** GOAL OF THE EXERCISE **
For this exercise, write out only the lines of the entries below from the one with "woman-687560_1280 v" up to and including the one with "Twin Comforter Twin", exactly as they are. Pictures stay out.

** ENTRIES PROVIDED **
--
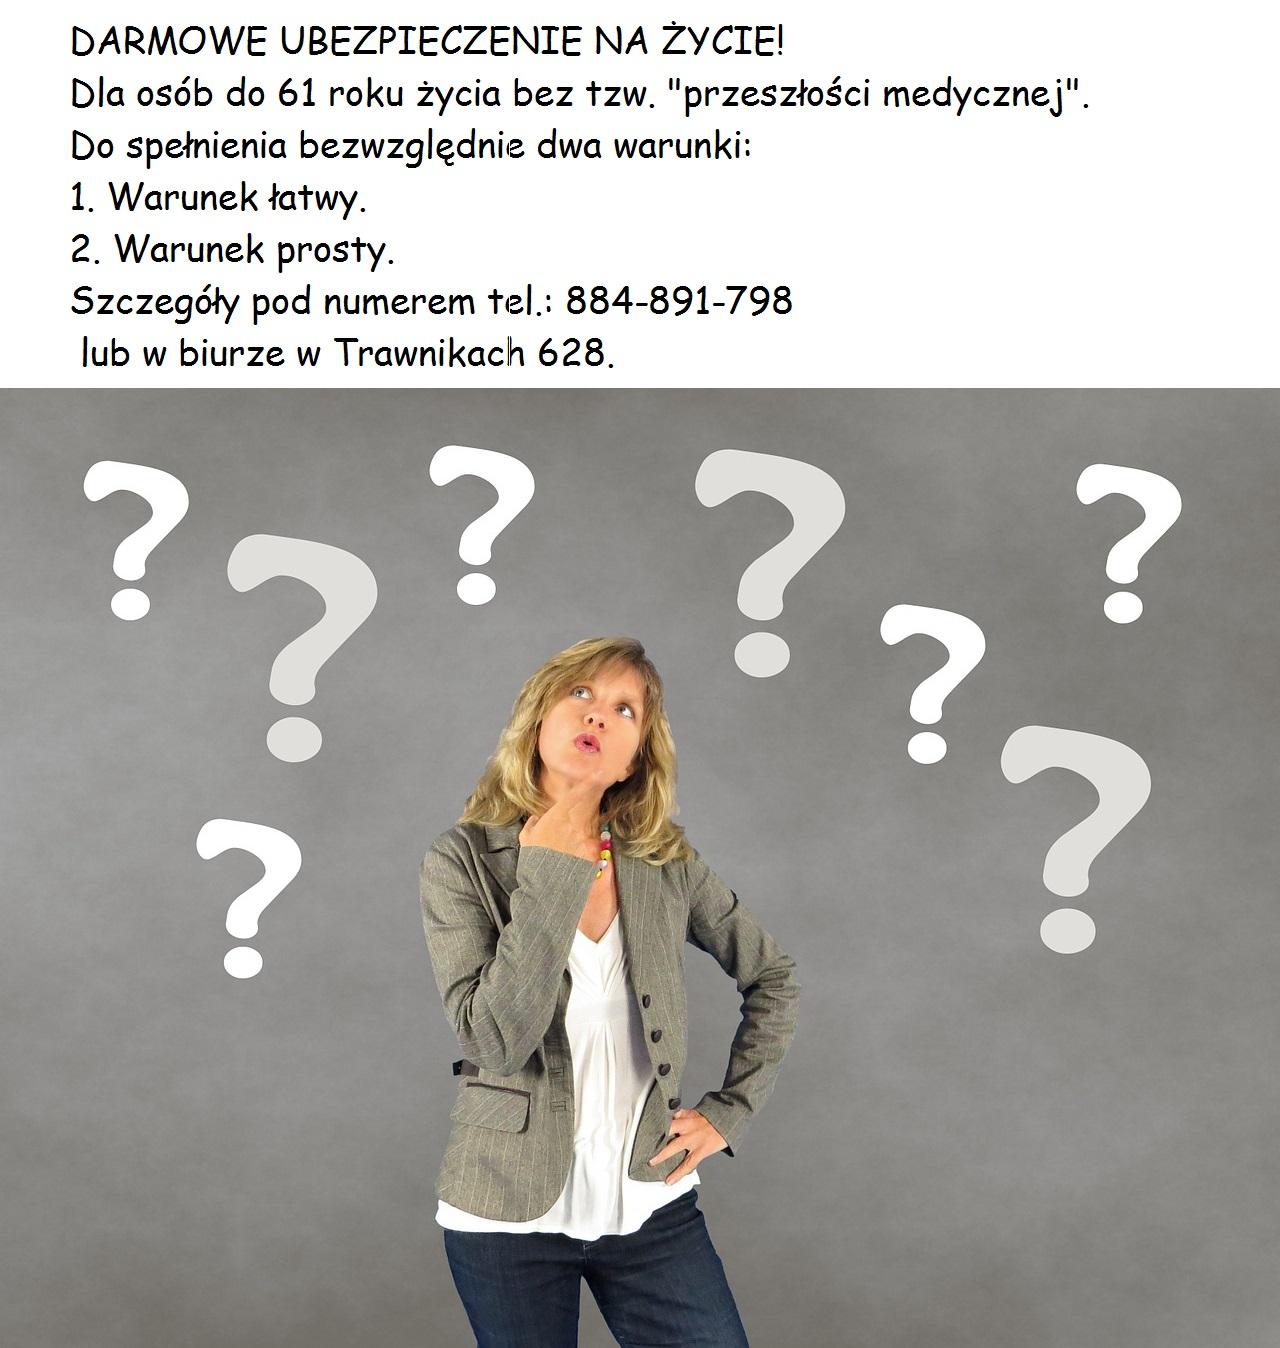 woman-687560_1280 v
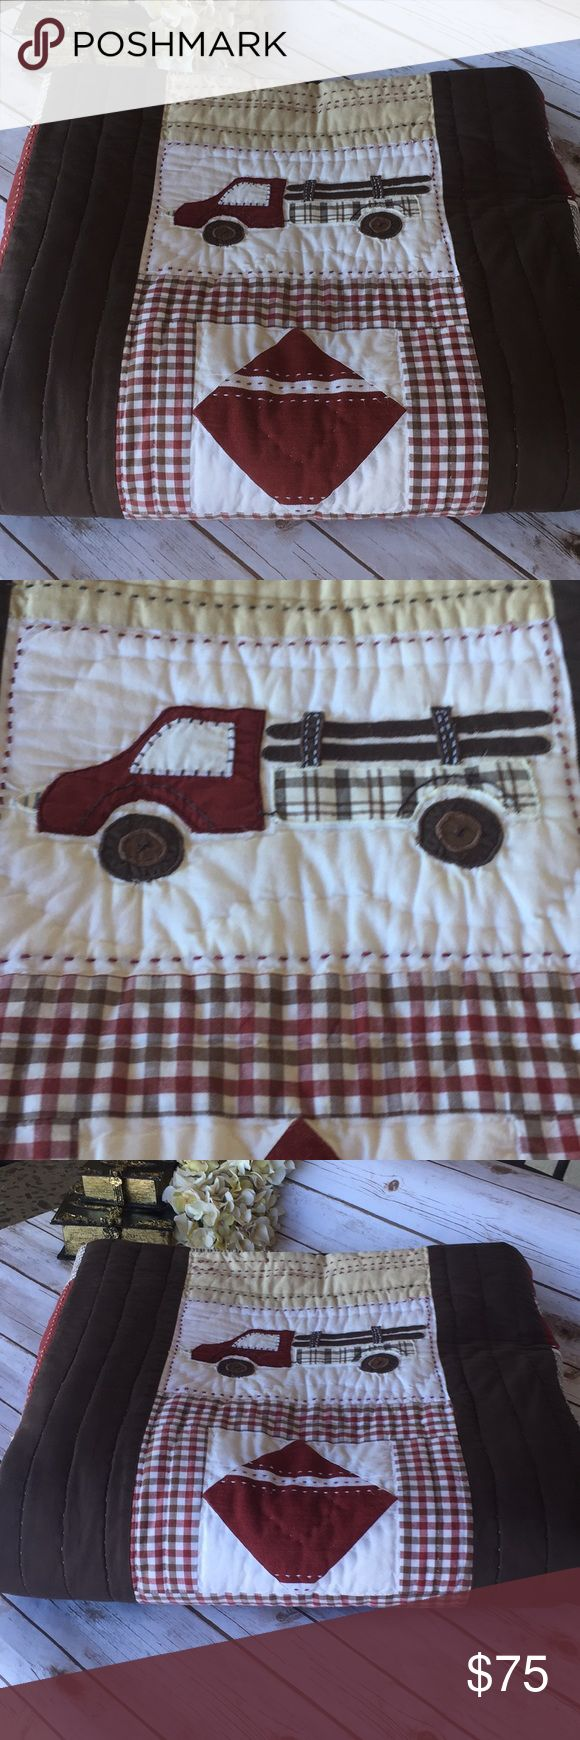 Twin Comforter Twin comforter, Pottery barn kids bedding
--
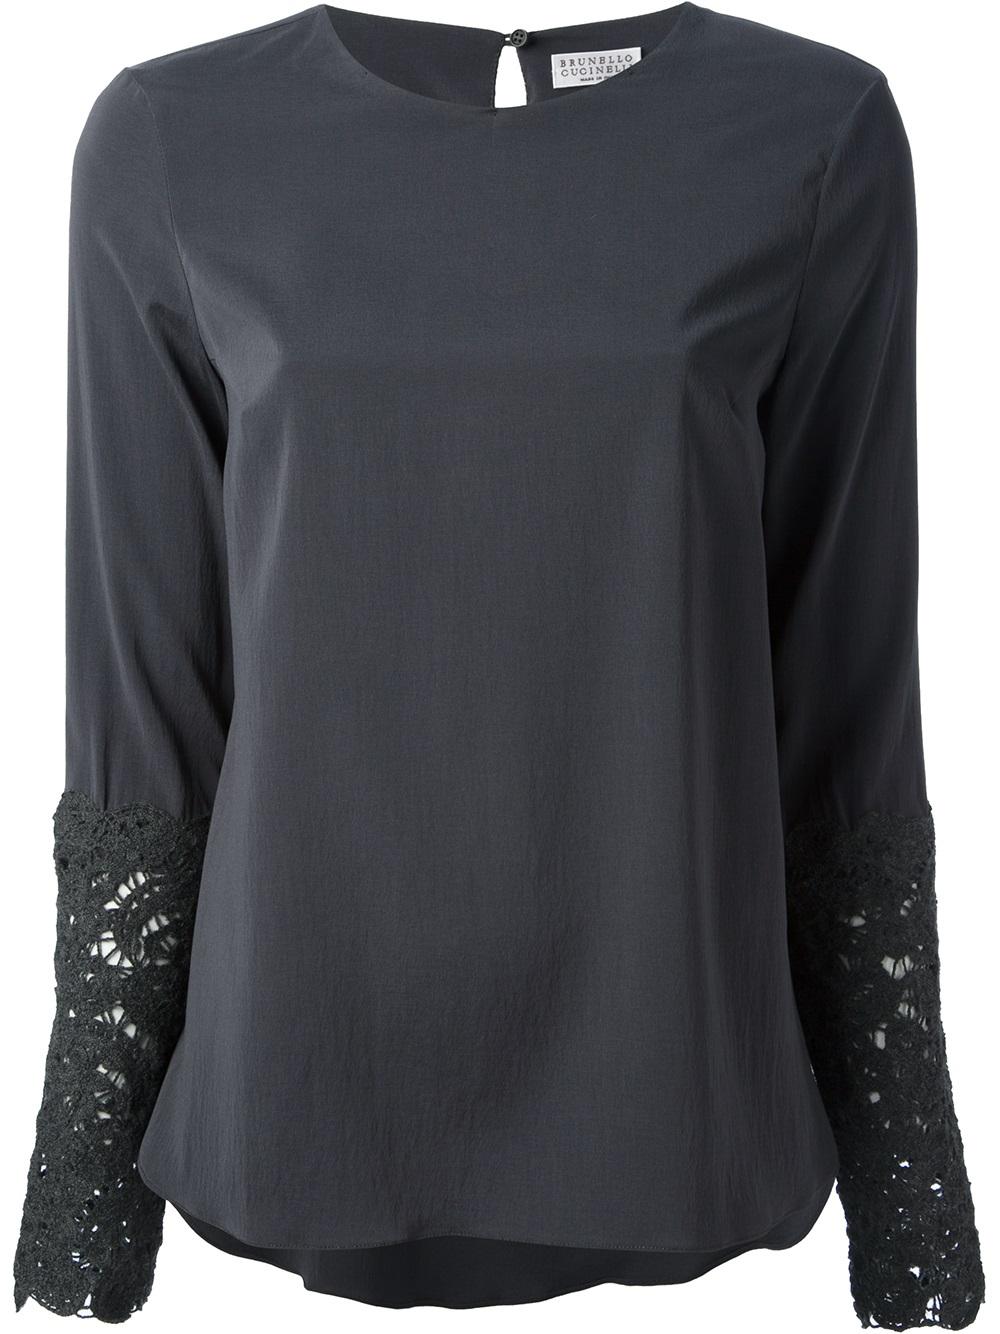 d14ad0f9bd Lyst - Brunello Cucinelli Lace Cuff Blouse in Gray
--
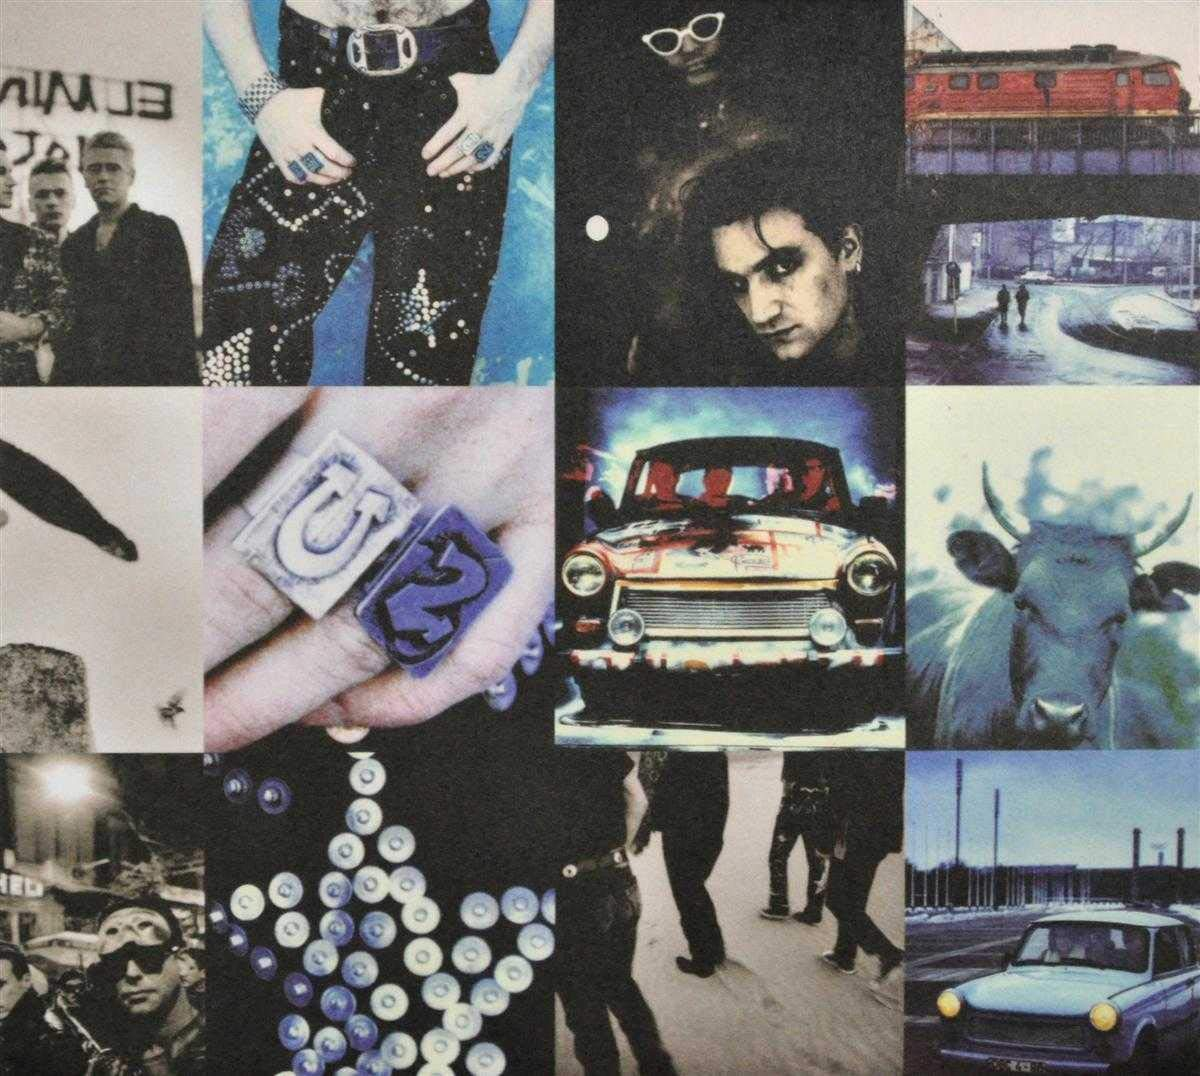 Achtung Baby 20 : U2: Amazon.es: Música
--
** WRITTEN ANSWER **
 woman-687560_1280 v
 Twin Comforter Twin comforter, Pottery barn kids bedding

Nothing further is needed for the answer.